Yes the dealer is ThruWay Spring and I believe its either an employee that does it or they have someone come in an do it for them, either way I've been very pleased and I like the look of how they did it. At first I thought where they cut out for the springs and how there were only 3 hinges that something might break. But 2 years later I'm still hammering on it and no probs.


----------



## carsoncity (Jan 8, 2006)

looks sweet, gotta try that


----------



## Dirt_Werx (Nov 26, 2005)

the one i built is a little different, but im liking the look of that, ill have to talk to you cause ive gotta build another for a diff truck and might have a questiond or 2, looks good though.


----------



## Grn Mtn (Sep 21, 2004)

No prob, my phone number is on my website.


----------



## jetskiman6969 (Dec 11, 2005)

Nice job!!!


----------



## BSDeality (Dec 5, 2005)

does anyone know if this style setup would work on a LD? Backdragging the 4-5" of ice pellets today was virtually non-existant.


----------



## DeereFarmer (Dec 12, 2005)

BSDeality;371403 said:


> does anyone know if this style setup would work on a LD? Backdragging the 4-5" of ice pellets today was virtually non-existant.
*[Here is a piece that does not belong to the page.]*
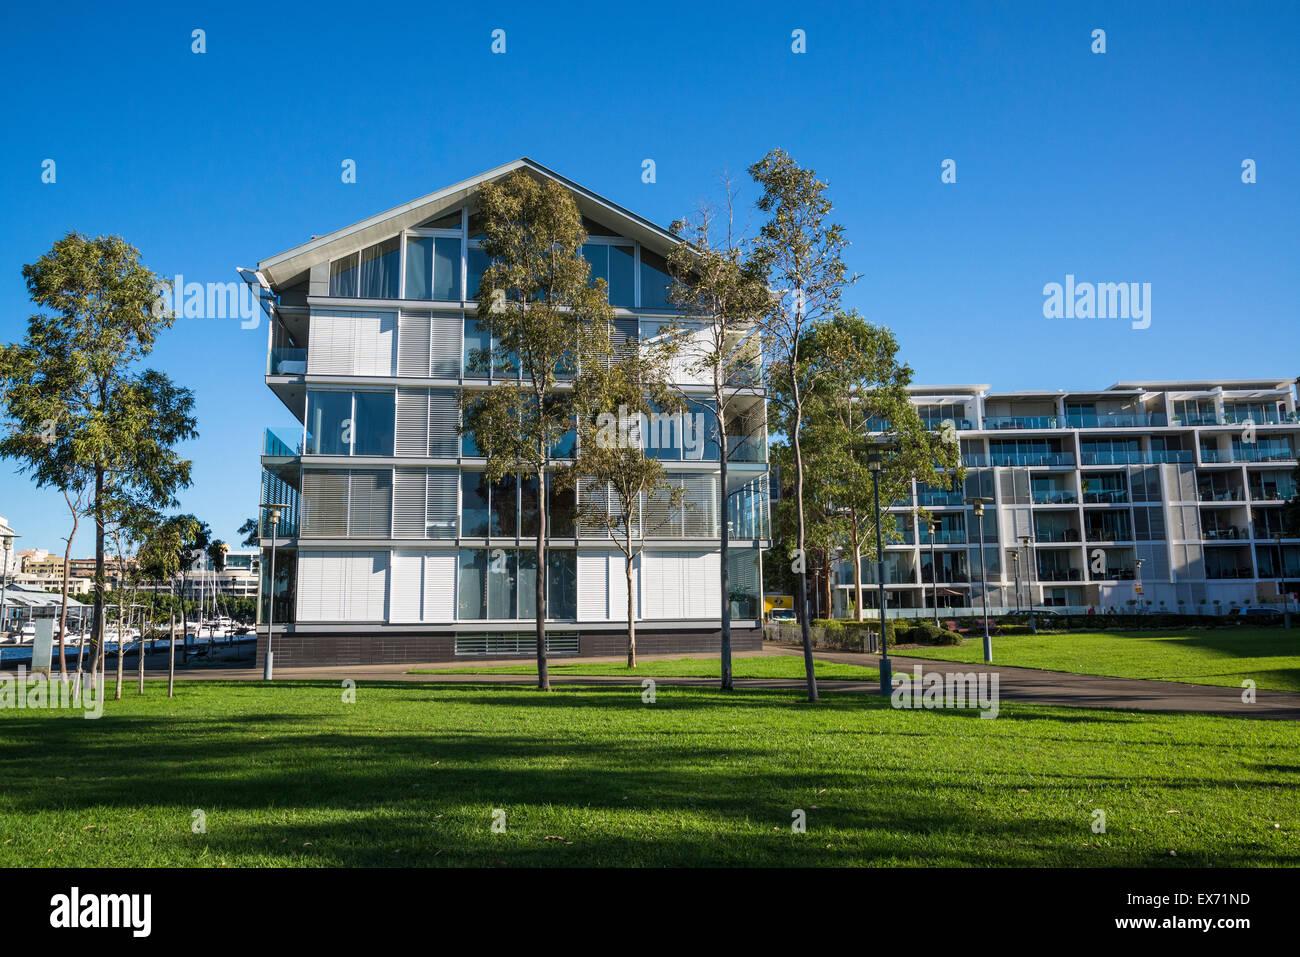 Darling Island luxury housing development, Sydney, Australia - Stock Image
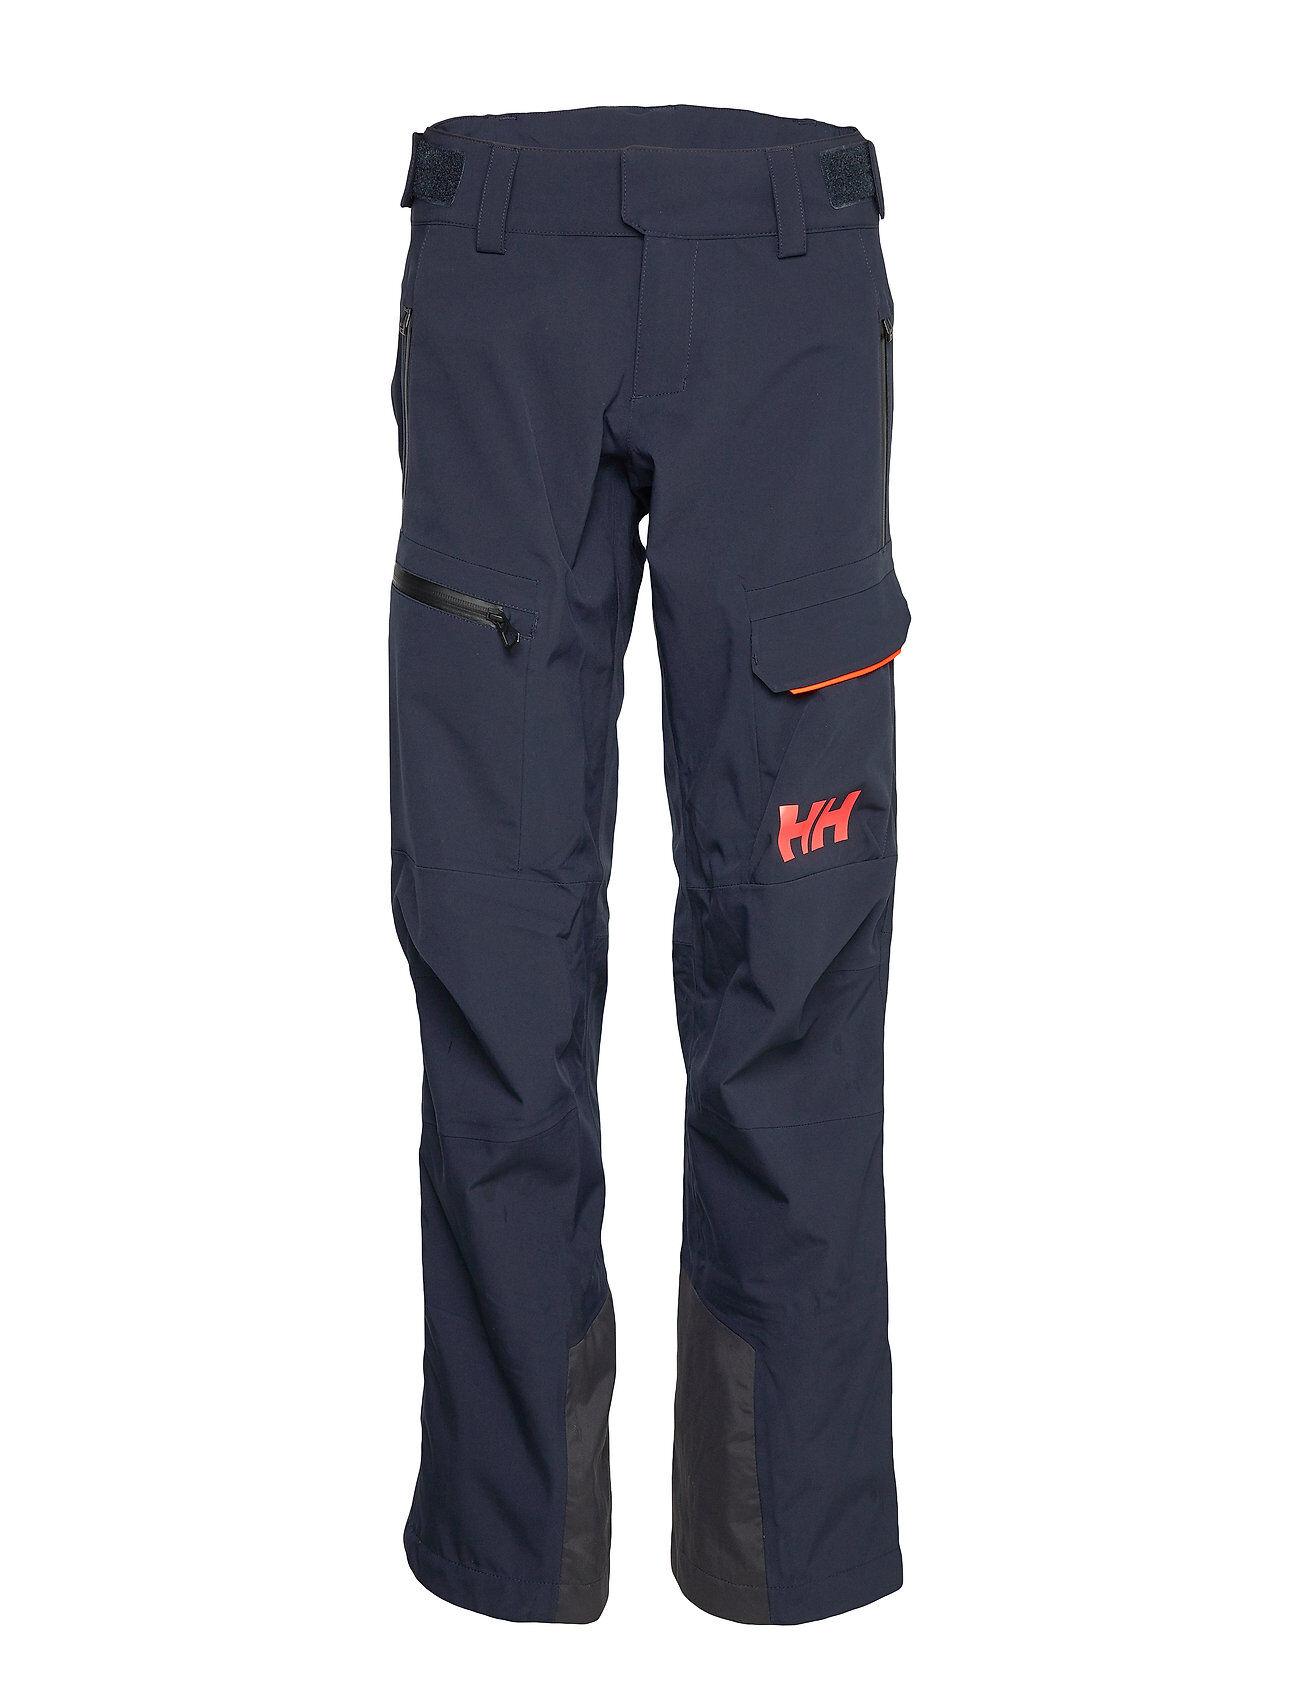 Image of Helly Hansen W Aurora Shell 2.0 Pant Sport Pants Sininen

Yup, it'll work. I had one on my LD, but never used it. Sorry to hijack your thread Grn Mtn.


----------



## BSDeality (Dec 5, 2005)

First Time Out;371420 said:


> Yup, it'll work. I had one on my LD, but never used it. Sorry to hijack your thread Grn Mtn.


do you still have it? wanna part with it?


----------



## DeereFarmer (Dec 12, 2005)

Sorry, I sold it in the fall. I bought it from BDavis on here. Check with him, he might have a few laying around.


----------